The data:
-- Opening Marker --
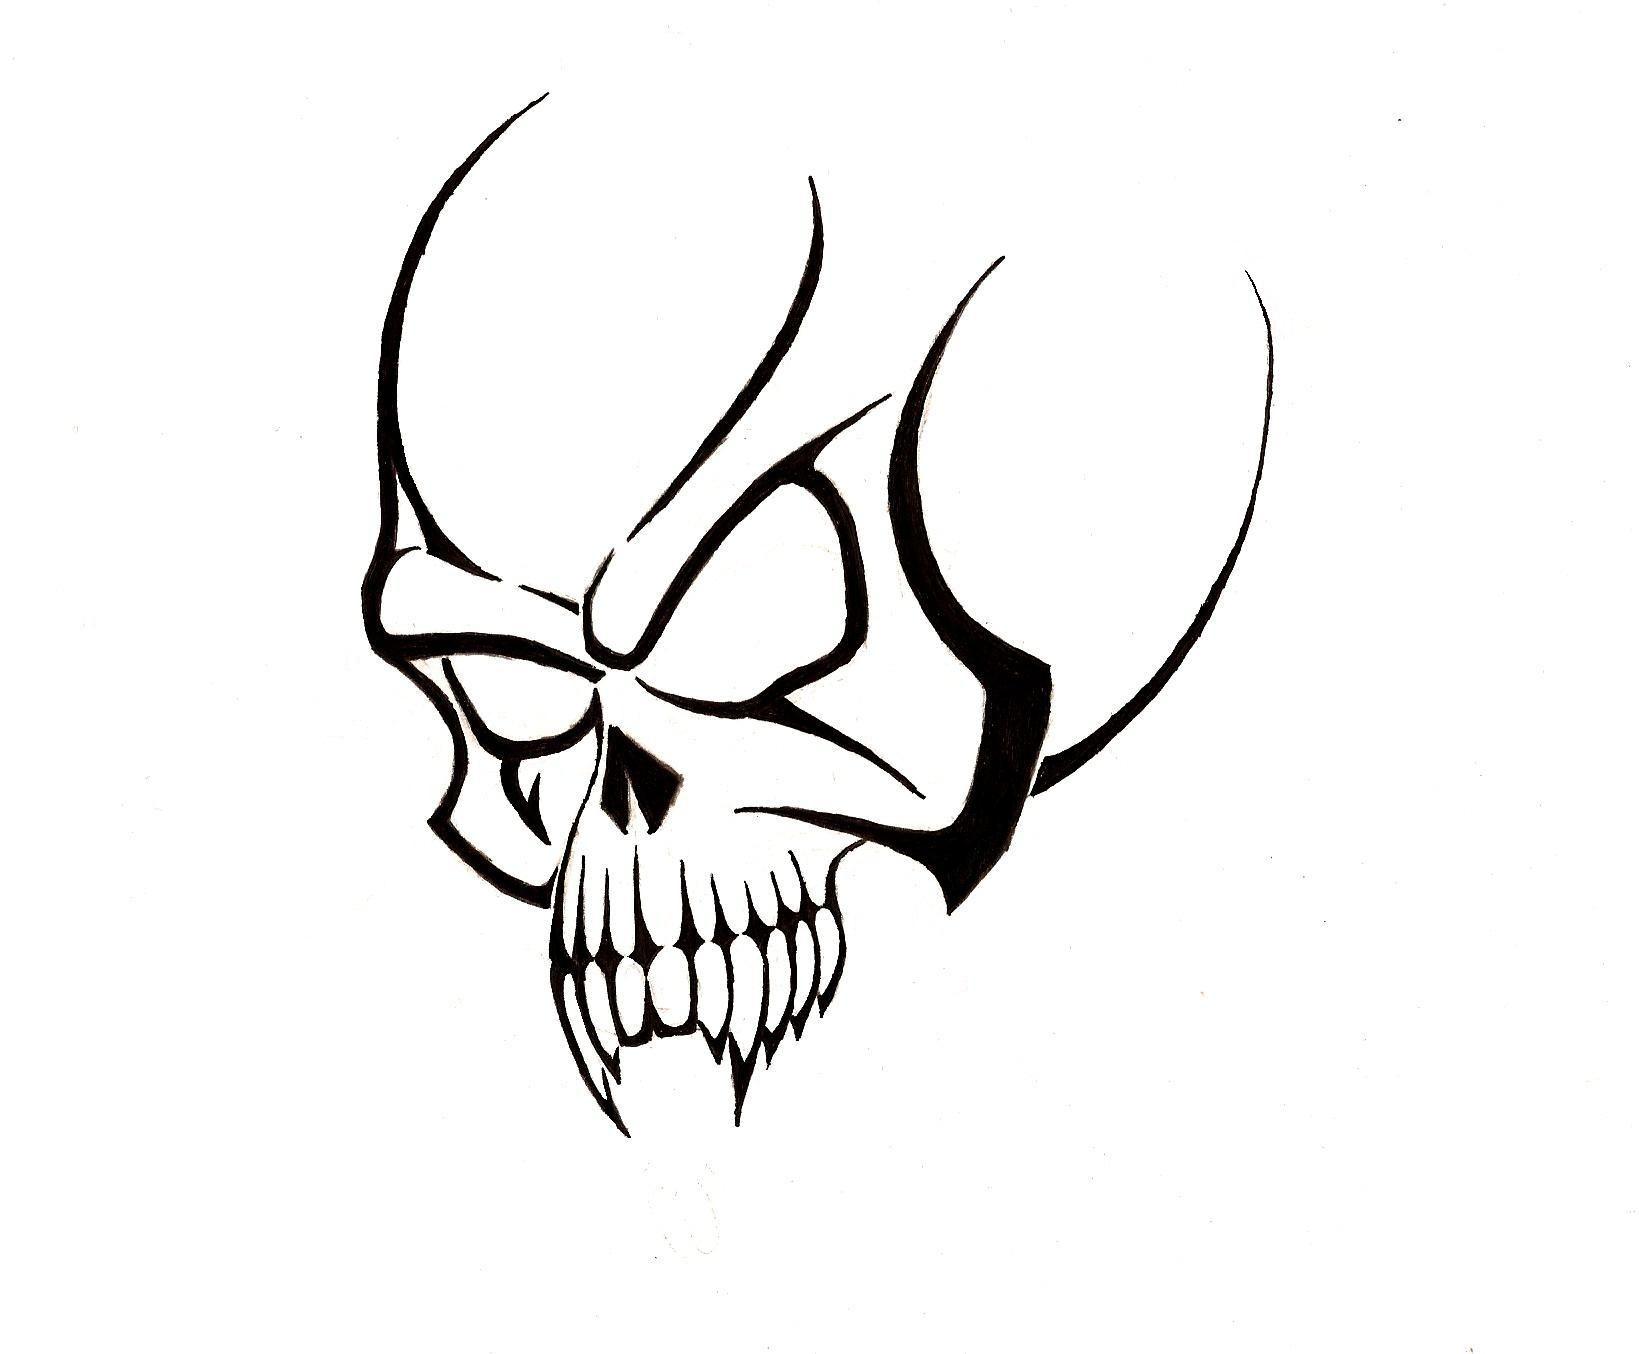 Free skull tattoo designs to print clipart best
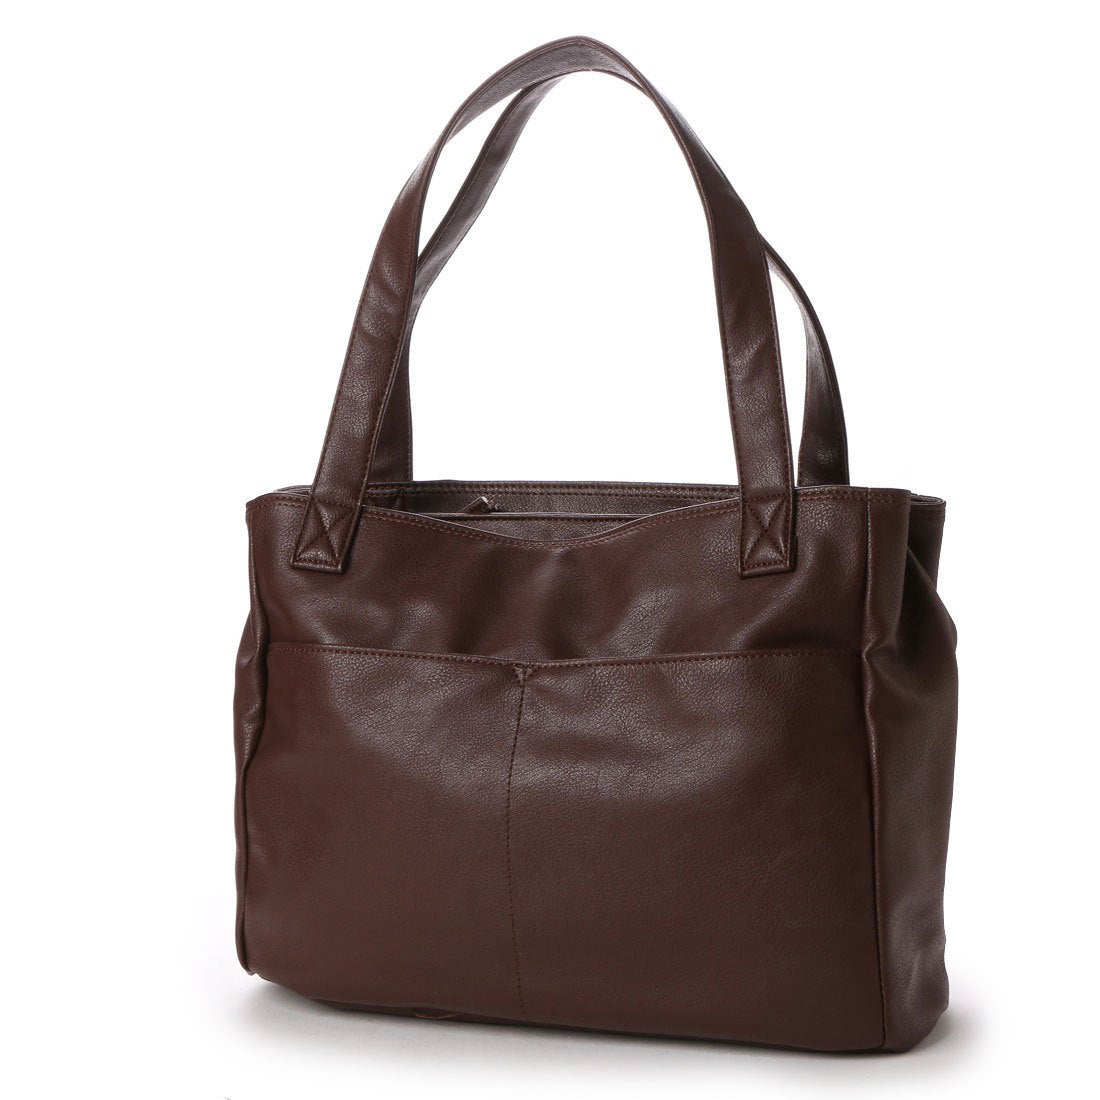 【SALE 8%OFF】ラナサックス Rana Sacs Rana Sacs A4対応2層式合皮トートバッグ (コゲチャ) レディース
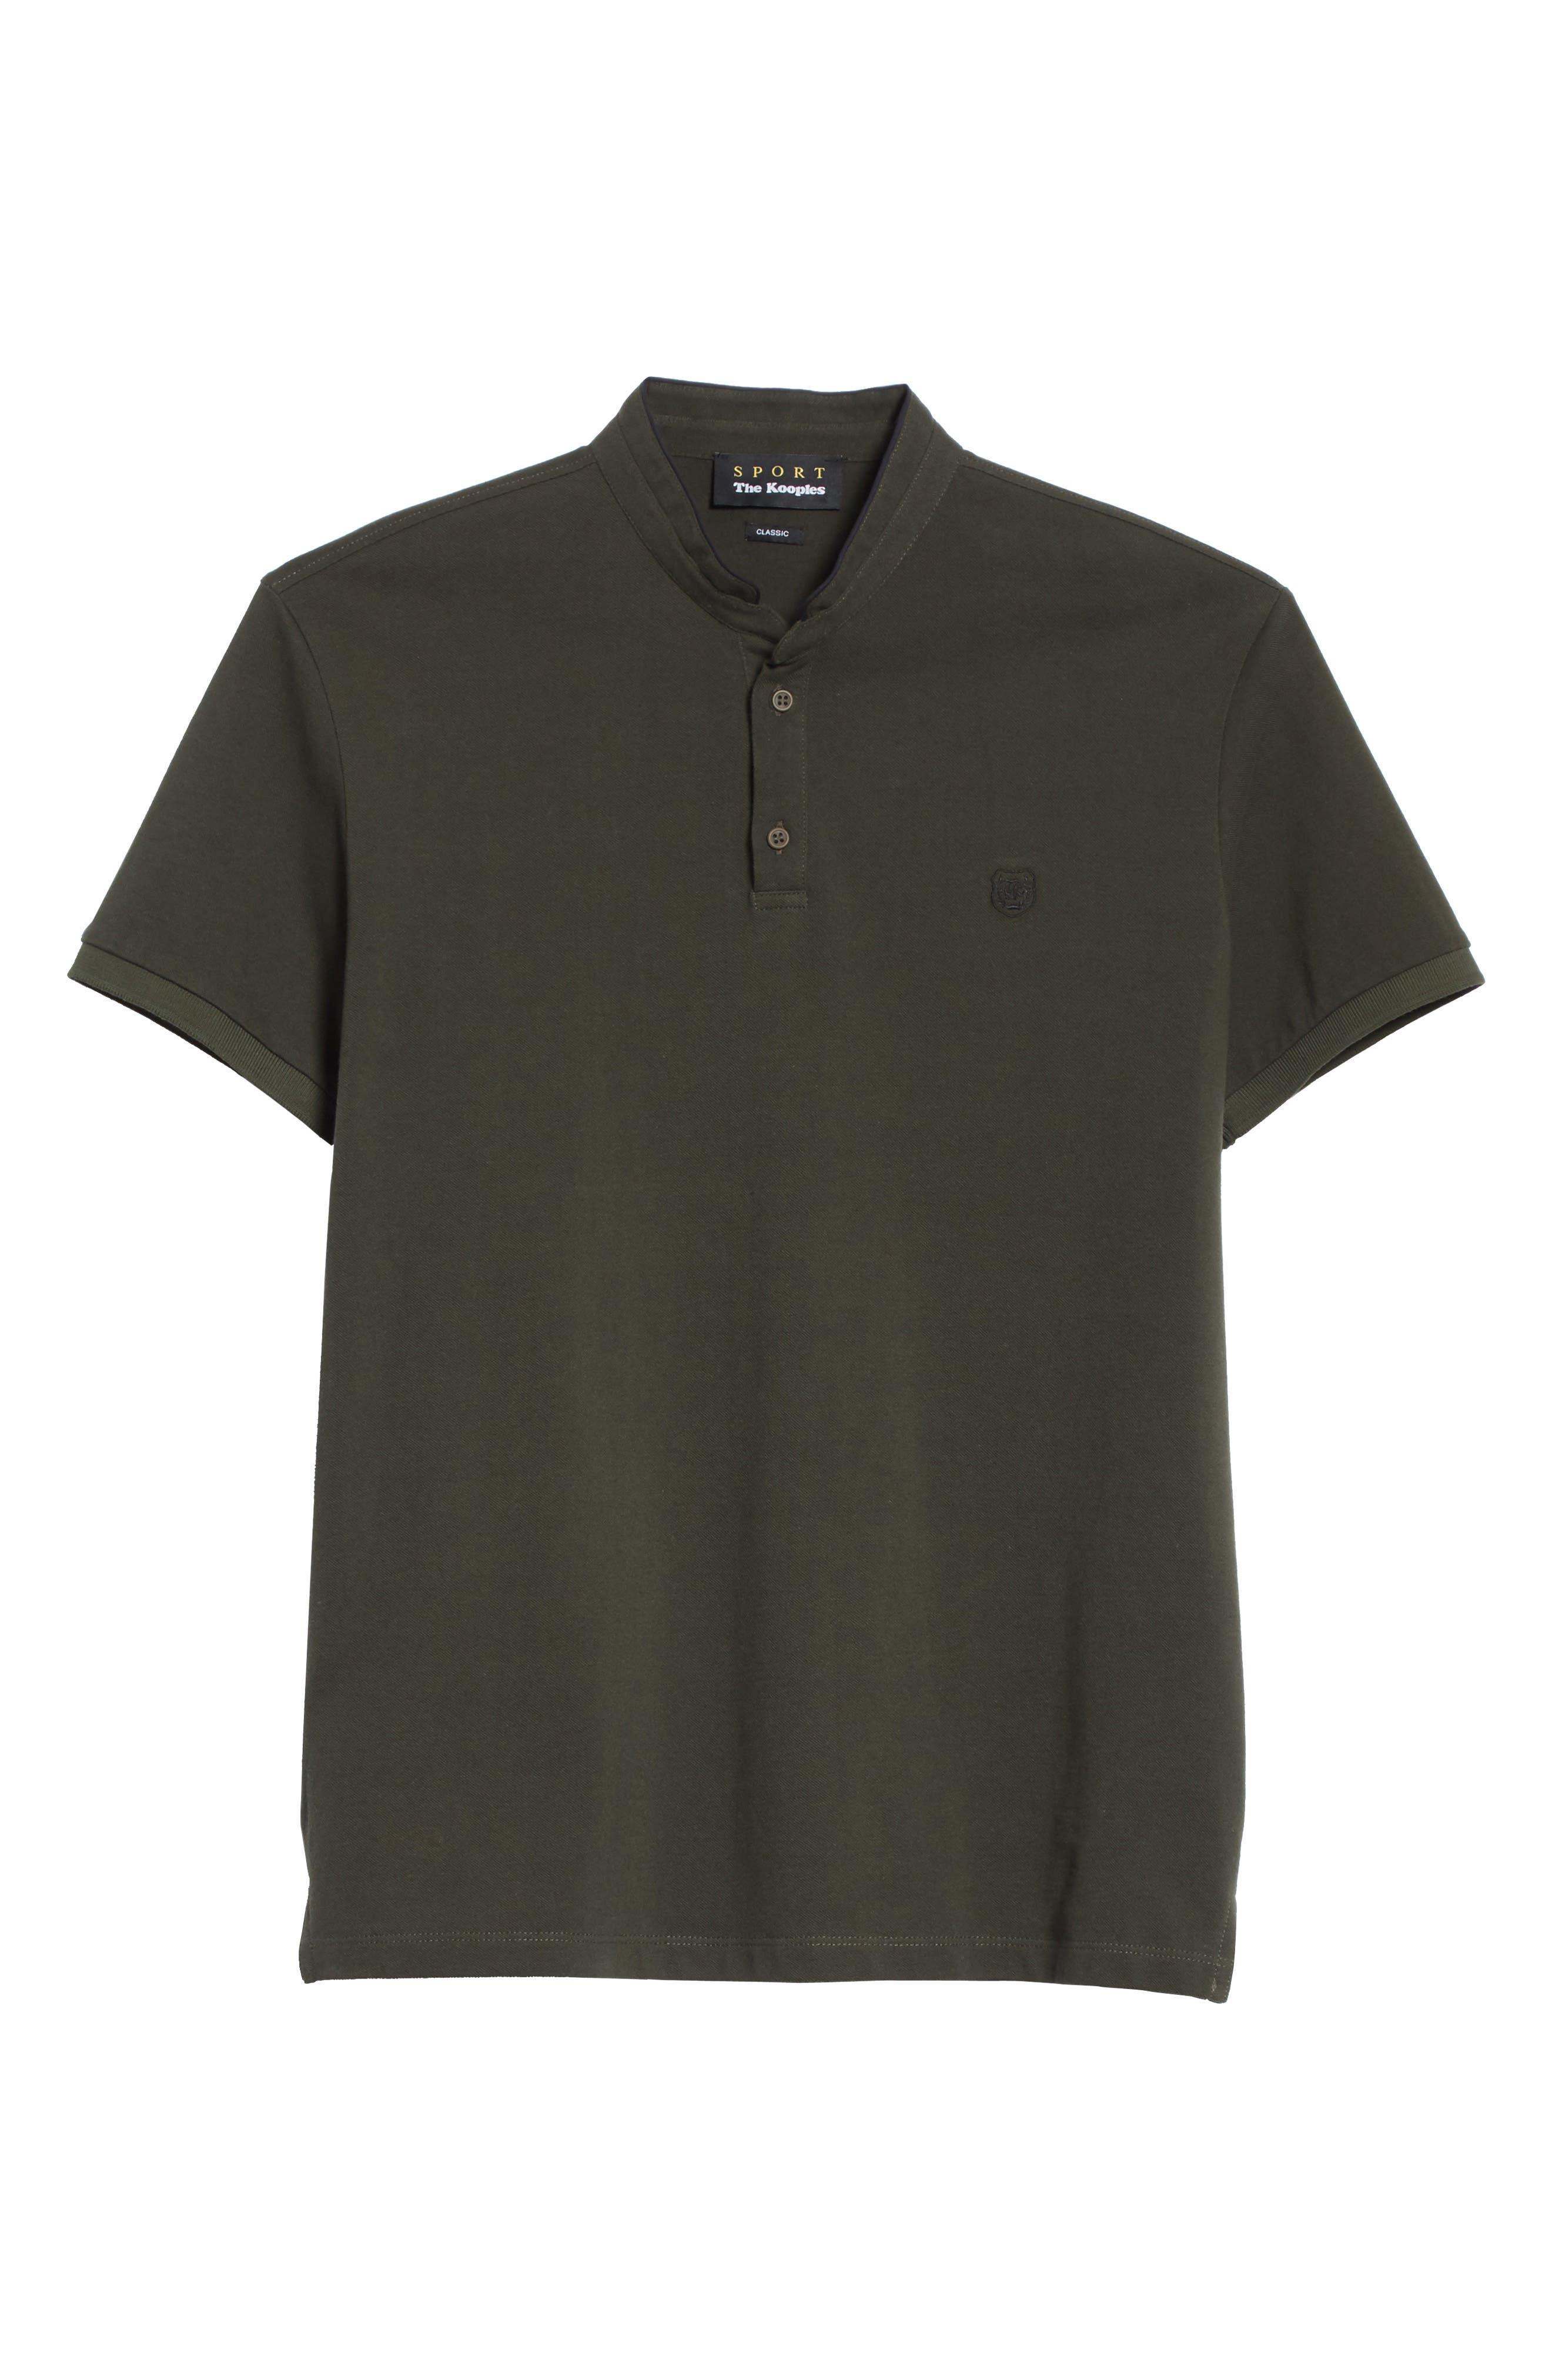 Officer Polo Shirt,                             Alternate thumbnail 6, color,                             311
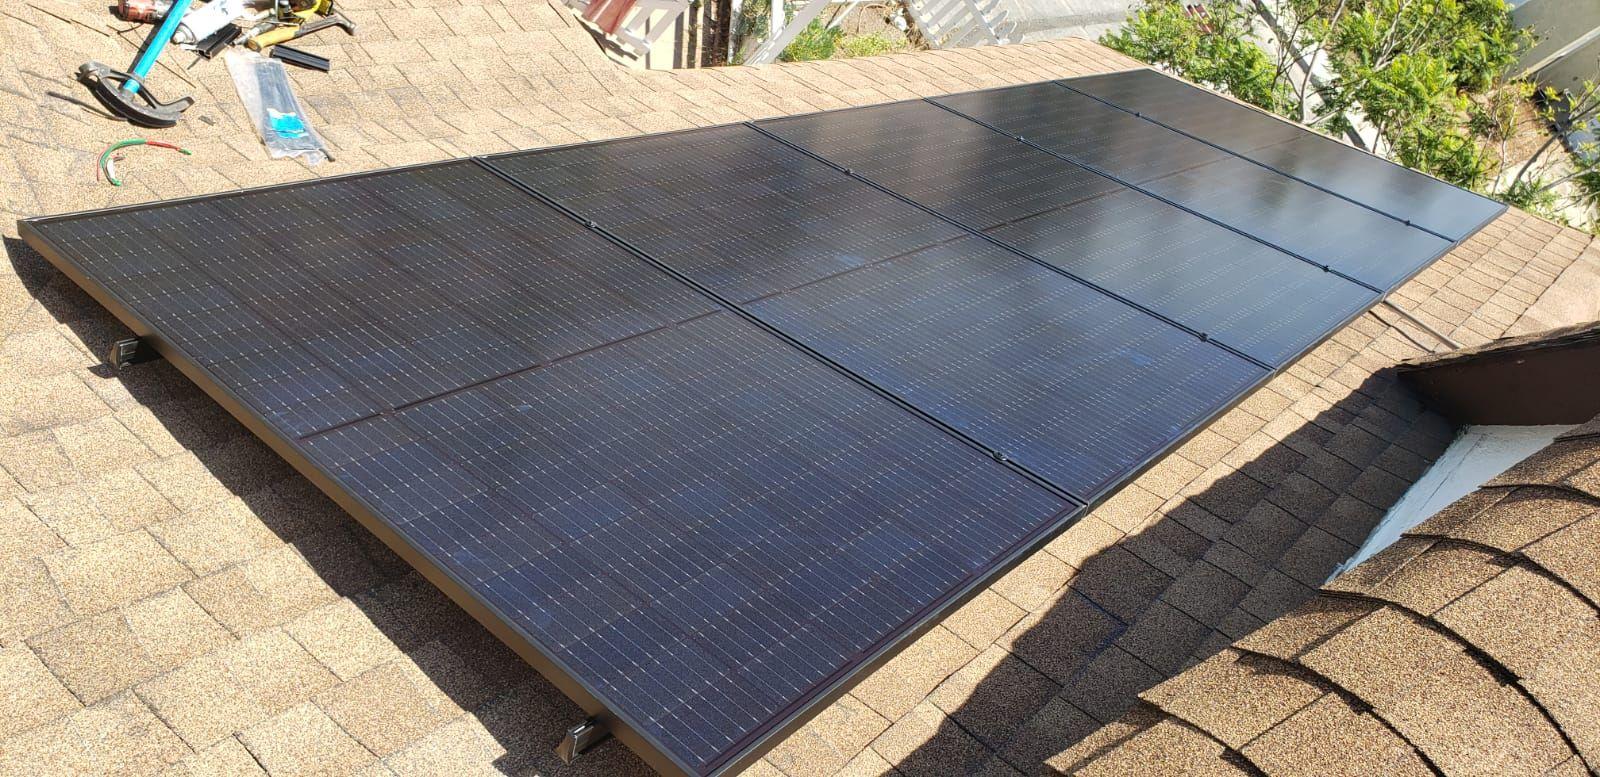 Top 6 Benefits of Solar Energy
-- Closing Marker --
Exercise directions:
Starting at the line that holds "A4対応2層式合皮トートバッグ (コゲチャ) レディース" and ending at the last line of the material above, repeat each line exactly, both ends included, and leave the pictures out.

Response to this task:
 【SALE 8%OFF】ラナサックス Rana Sacs Rana Sacs A4対応2層式合皮トートバッグ (コゲチャ) レディース
 Officer Polo Shirt,                             Alternate thumbnail 6, color,                             311
 Top 6 Benefits of Solar Energy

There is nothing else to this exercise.